The ICE table is a fundamental tool in chemistry that helps us track the changes in concentrations of reactants and products during a chemical reaction. ICE stands for:

• Initial
• Change
• Equilibrium

This method reveals how the initial concentrations of substances change as the system approaches equilibrium. For our exercise involving the reaction \(\text{H}_2\text{(g)} + \text{I}_2\text{(g)} \rightleftharpoons 2 \text{HI(g)}\), we initially have \(0.0462 \text{ M}\) for both \(\text{H}_2\) and \(\text{I}_2\), while \(\text{HI}\) is at \(0 \text{ M}\).

As the reaction progresses, the changes in concentration can be expressed as \(-x\) for \(\text{H}_2\) and \(\text{I}_2\), and \(+2x\) for \(\text{HI}\), due to the stoichiometric coefficients. At equilibrium, the concentrations are \(0.0462-x\) for \(\text{H}_2\) and \(\text{I}_2\), and \(2x\) for \(\text{HI}\). Filling out and leveraging the ICE table allows us to visualize and compute these equilibrium values easily.

The equilibrium constant, \(K_c\), measures the ratio of product concentrations to reactant concentrations when a system reaches equilibrium. It is a crucial factor that determines the direction and extent of a chemical reaction.

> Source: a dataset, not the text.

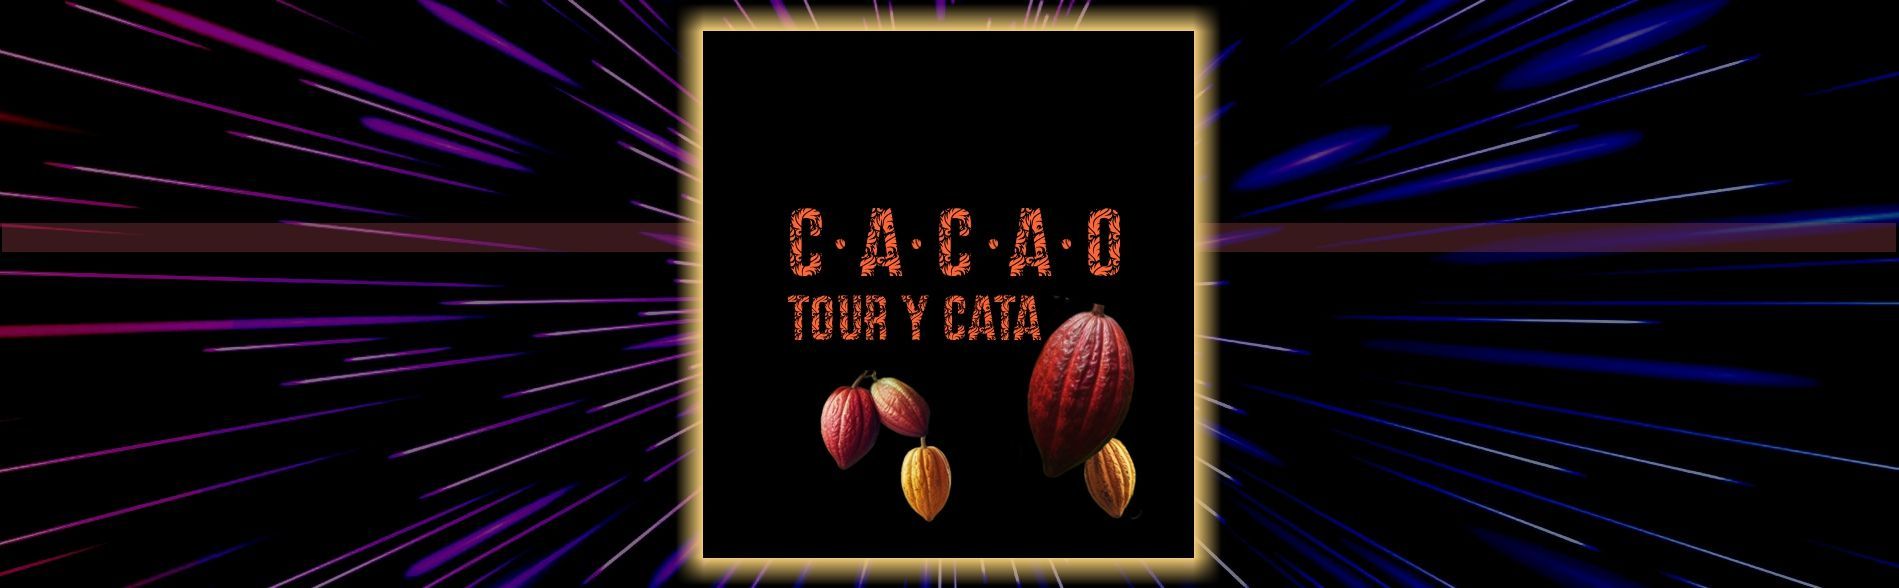 Tour cacao Hotel Catarata Río Celeste

For the given reaction, \(\text{H}_2\text{(g)} + \text{I}_2\text{(g)} \rightleftharpoons 2 \text{HI(g)}\), the expression for \(K_c\) at equilibrium is \[K_c = \frac{{[\text{HI}]^2}}{{[\text{H}_2][\text{I}_2]}}\]

Substituting the equilibrium concentrations from the ICE table into this formula, we have \[50.2 = \frac{{(2x)^2}}{{(0.0462-x)(0.0462-x)}}\].

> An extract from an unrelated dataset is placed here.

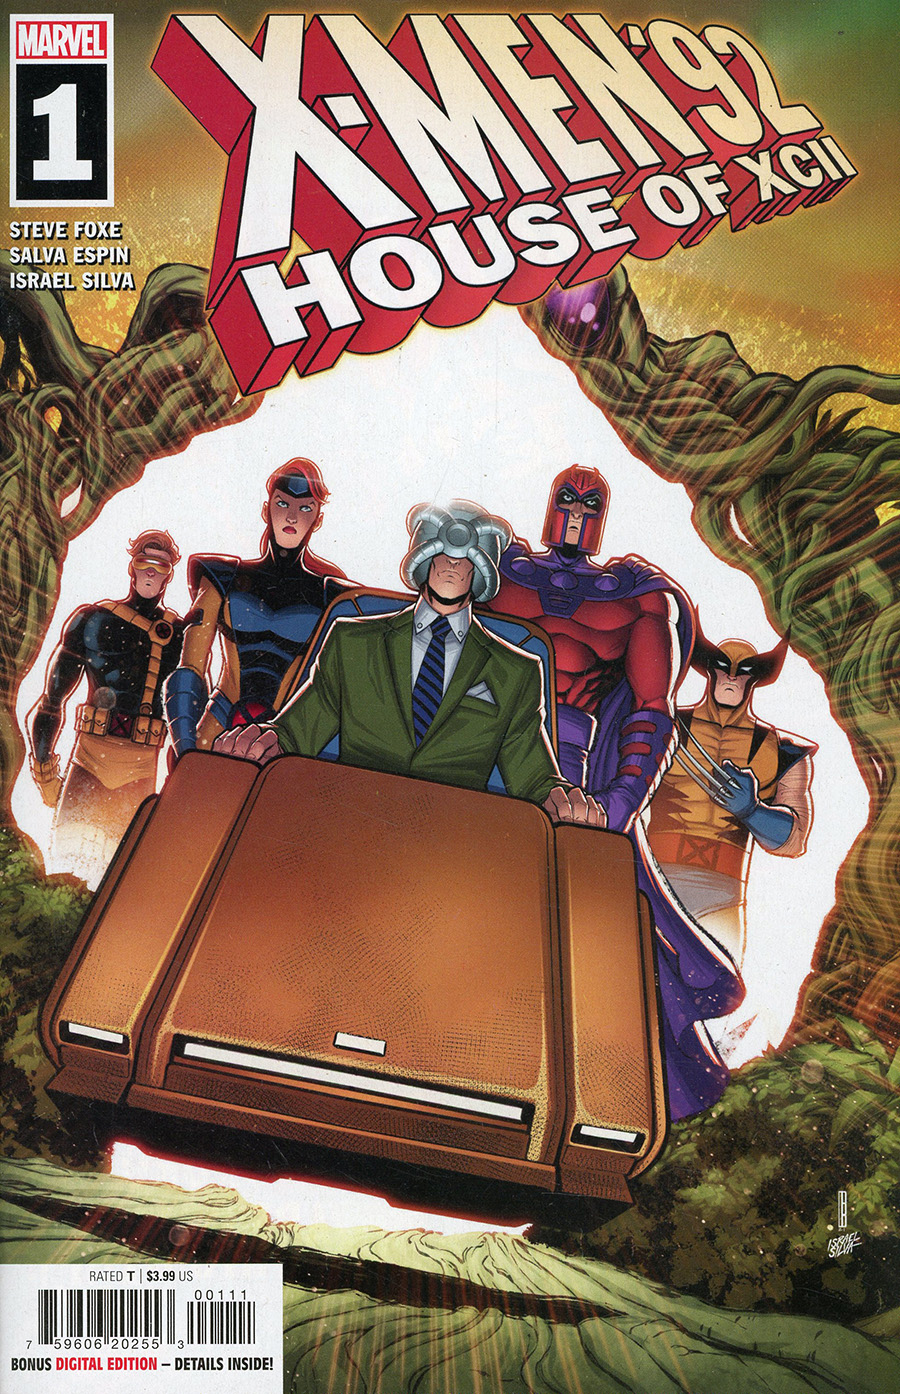 X-Men 92 House Of XCII #1 Cover A Regular David Baldeon Cover

Solving this equation helps us find \(x\), which can then be used to calculate the concentrations of all components at equilibrium. \(K_c\) gives us insight into how much of each substance will be present when the reaction reaches a steady state.

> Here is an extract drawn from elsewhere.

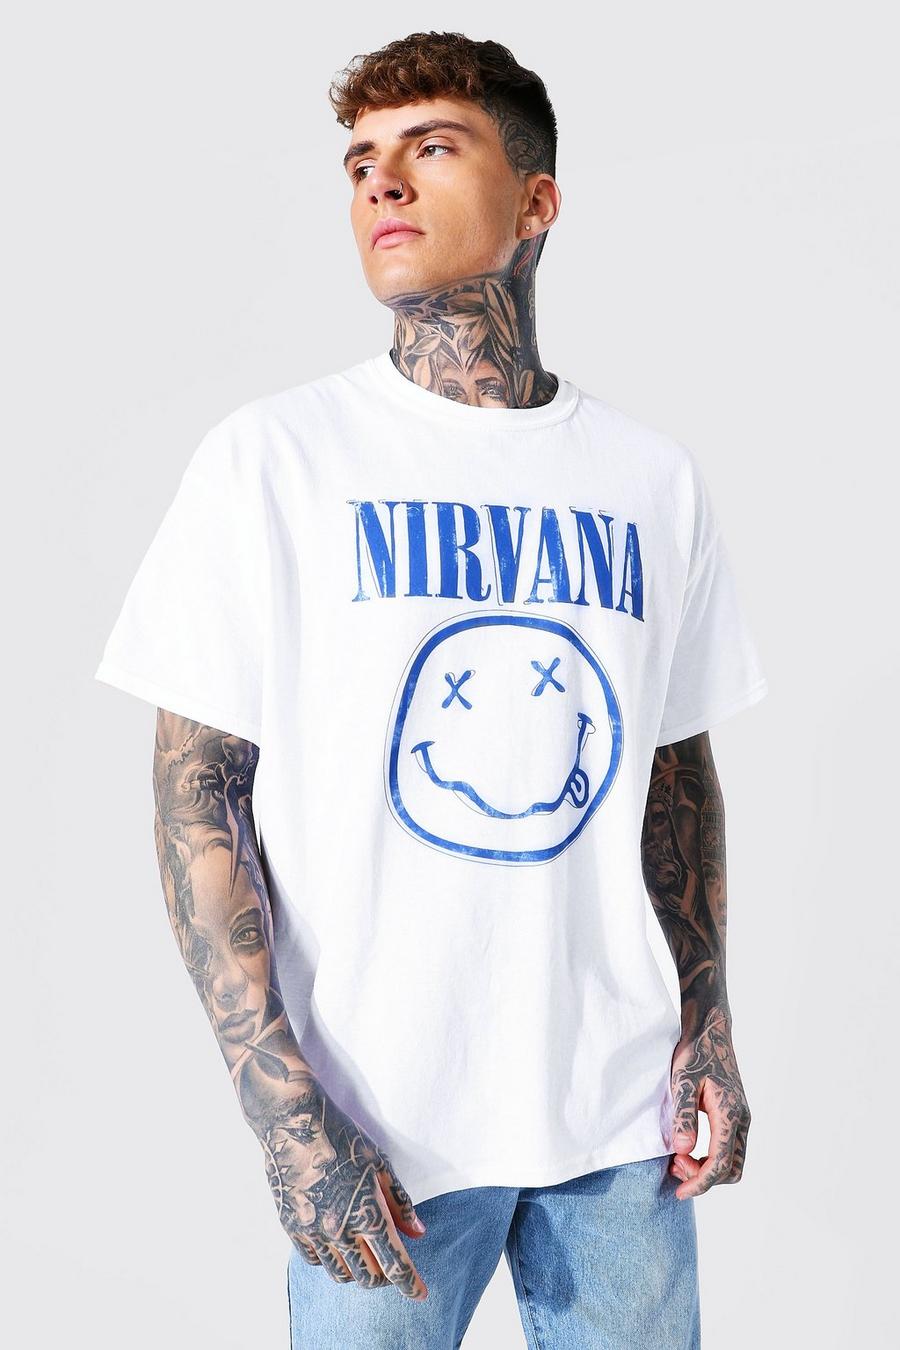 Men's Oversized Nirvana Face License T-shirt

Stoichiometry is the calculation that deals with the quantitative relationships between reactants and products in a chemical reaction. It is based on the balanced chemical equation, ensuring that atoms are conserved according to the law of conservation of mass.

In our exercise, the stoichiometry arises from \(\text{H}_2\text{(g)} + \text{I}_2\text{(g)} \rightleftharpoons 2 \text{HI(g)}\). The coefficients in this equation (1:1:2) show the molar ratio between the reactants and products.

When using an ICE table, the stoichiometry helps us determine how the concentrations change. For instance, for each mole of \(\text{H}_2\) and \(\text{I}_2\) that reacts, two moles of \(\text{HI}\) are formed. Thus, the changes are \(-x\) and \(+2x\), respectively. Understanding stoichiometry is key to accurately setting up and interpreting the ICE table and finding equilibrium concentrations.